→ Information supplied:
--------------------------------------------------
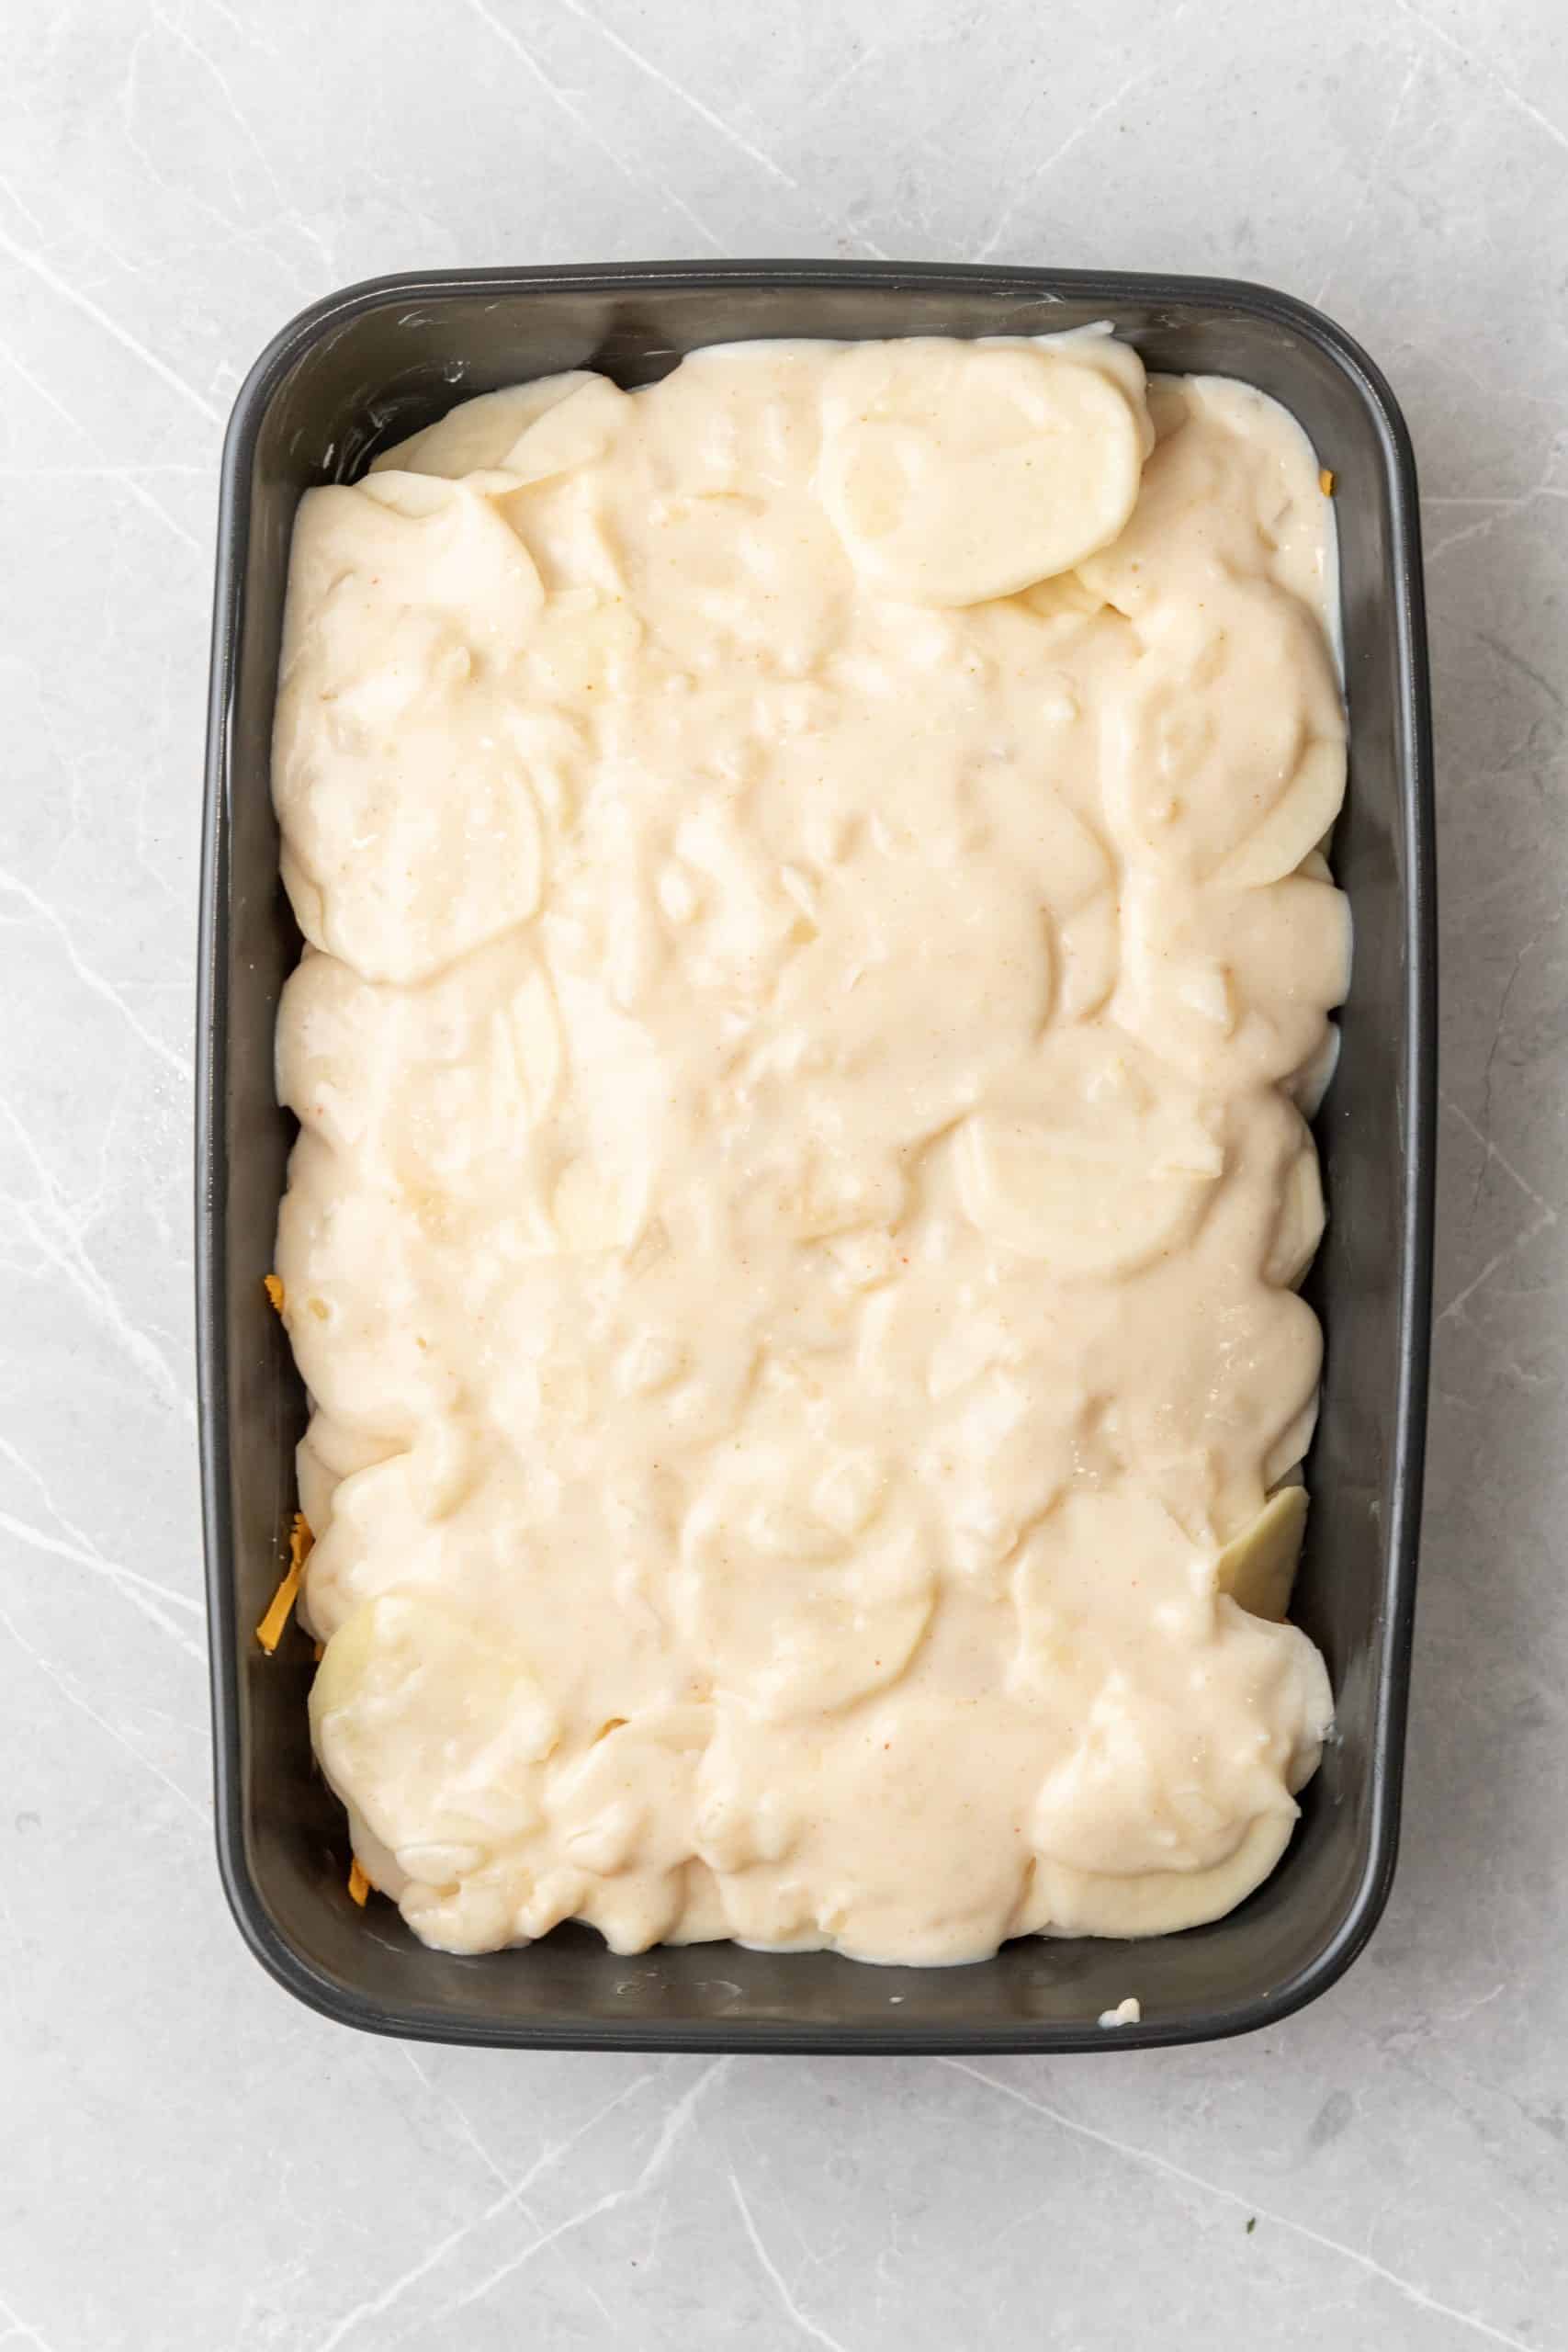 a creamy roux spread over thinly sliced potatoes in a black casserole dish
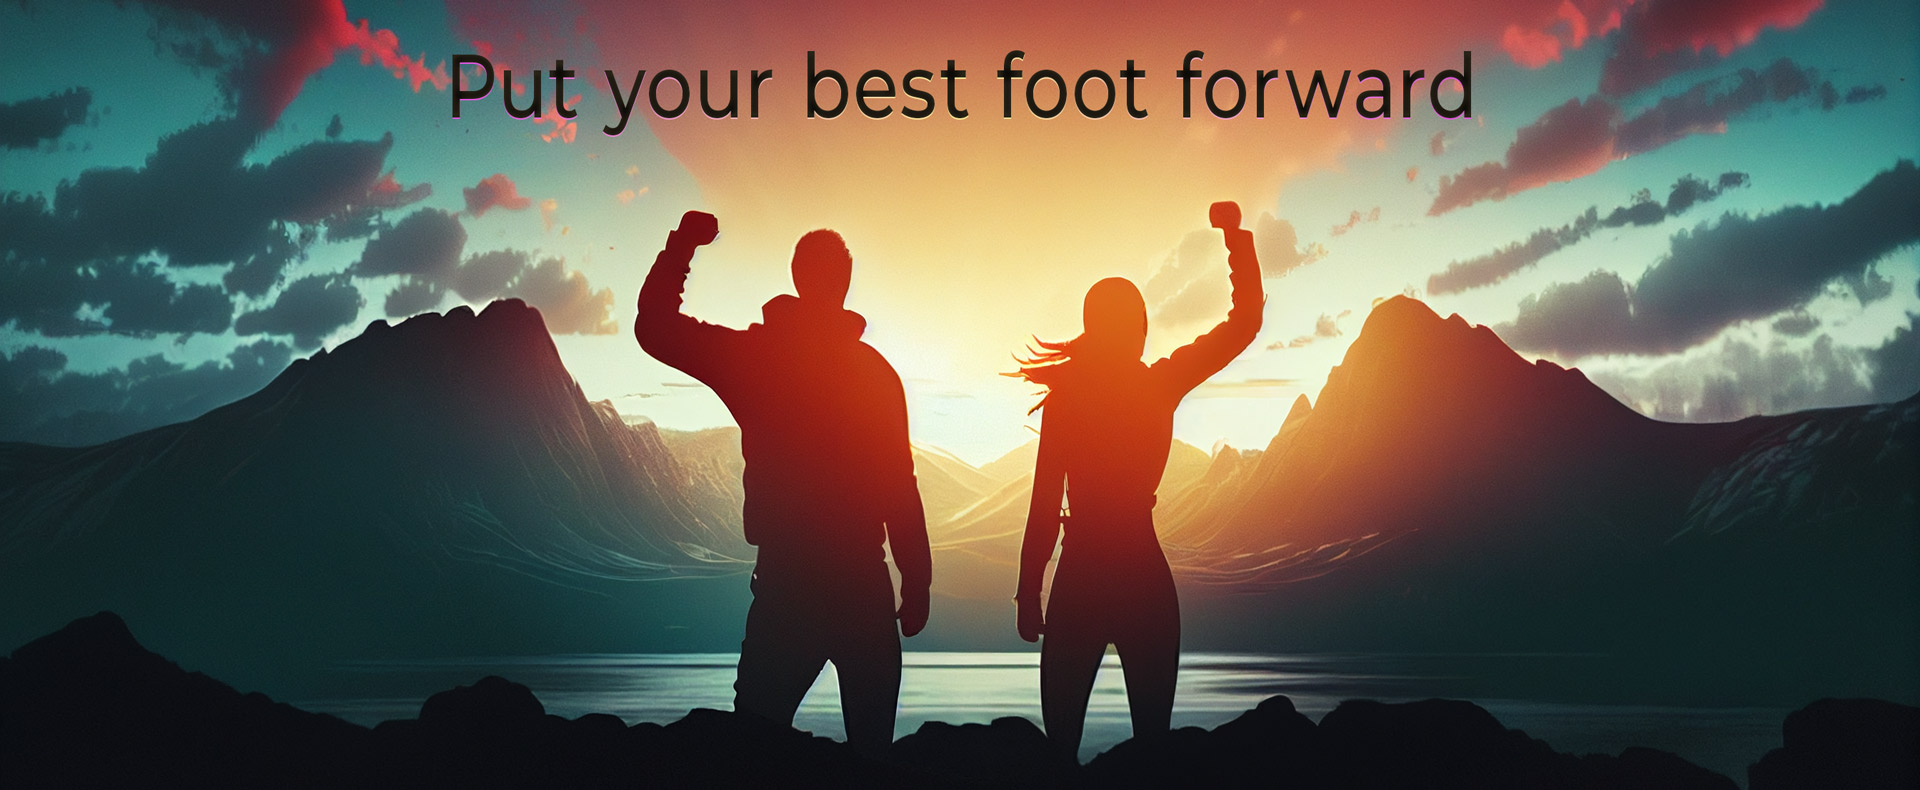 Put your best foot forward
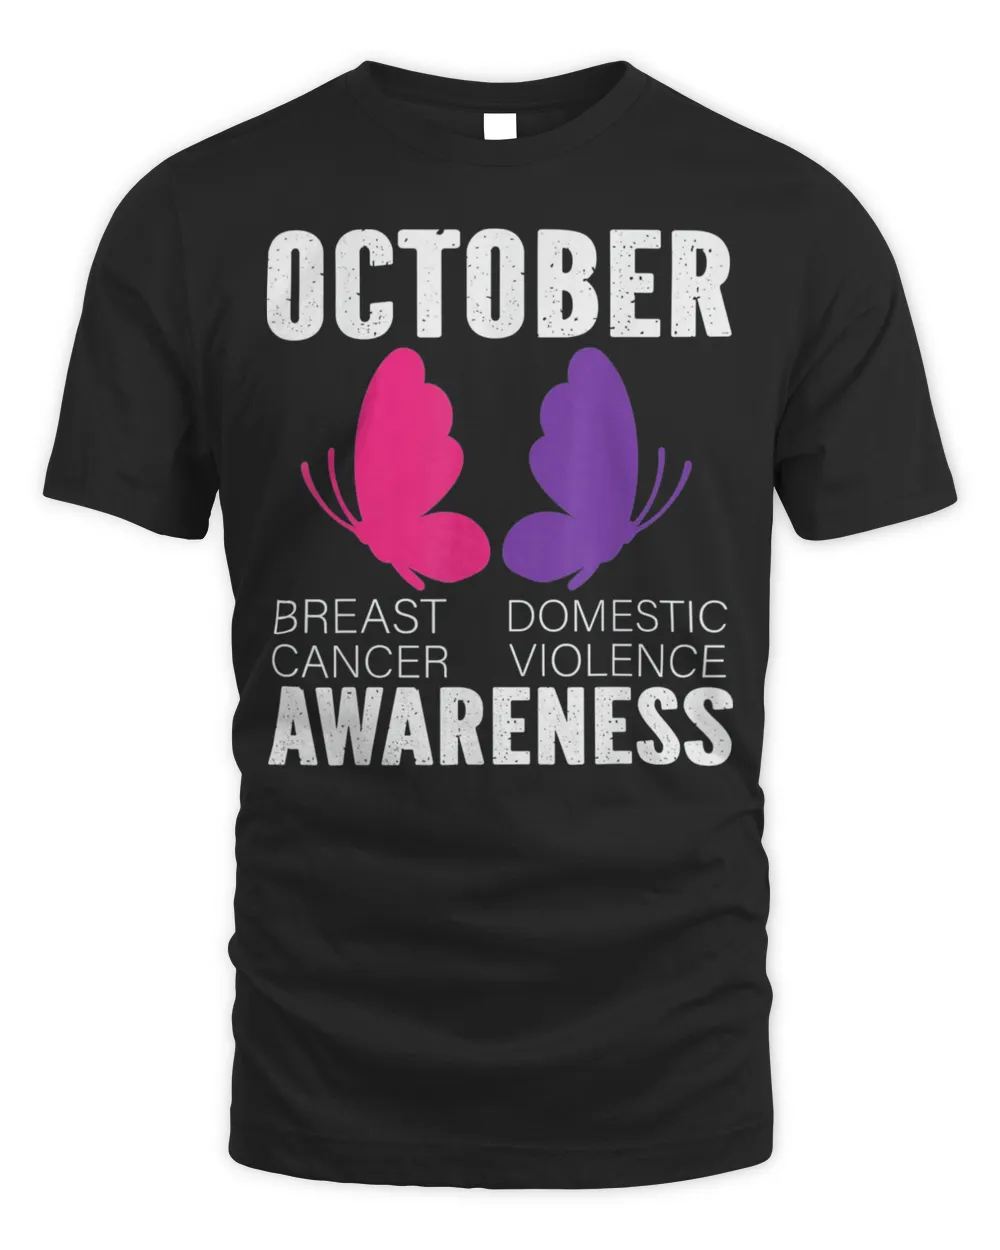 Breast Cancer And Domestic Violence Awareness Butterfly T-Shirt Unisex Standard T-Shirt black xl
--------------------------------------------------
→ What is expected:
Without including any pictures, set down word for word every line from the one containing "Put your best foot forward" through the last line of the material.

→ Output:
 Put your best foot forward
 Breast Cancer And Domestic Violence Awareness Butterfly T-Shirt Unisex Standard T-Shirt black xl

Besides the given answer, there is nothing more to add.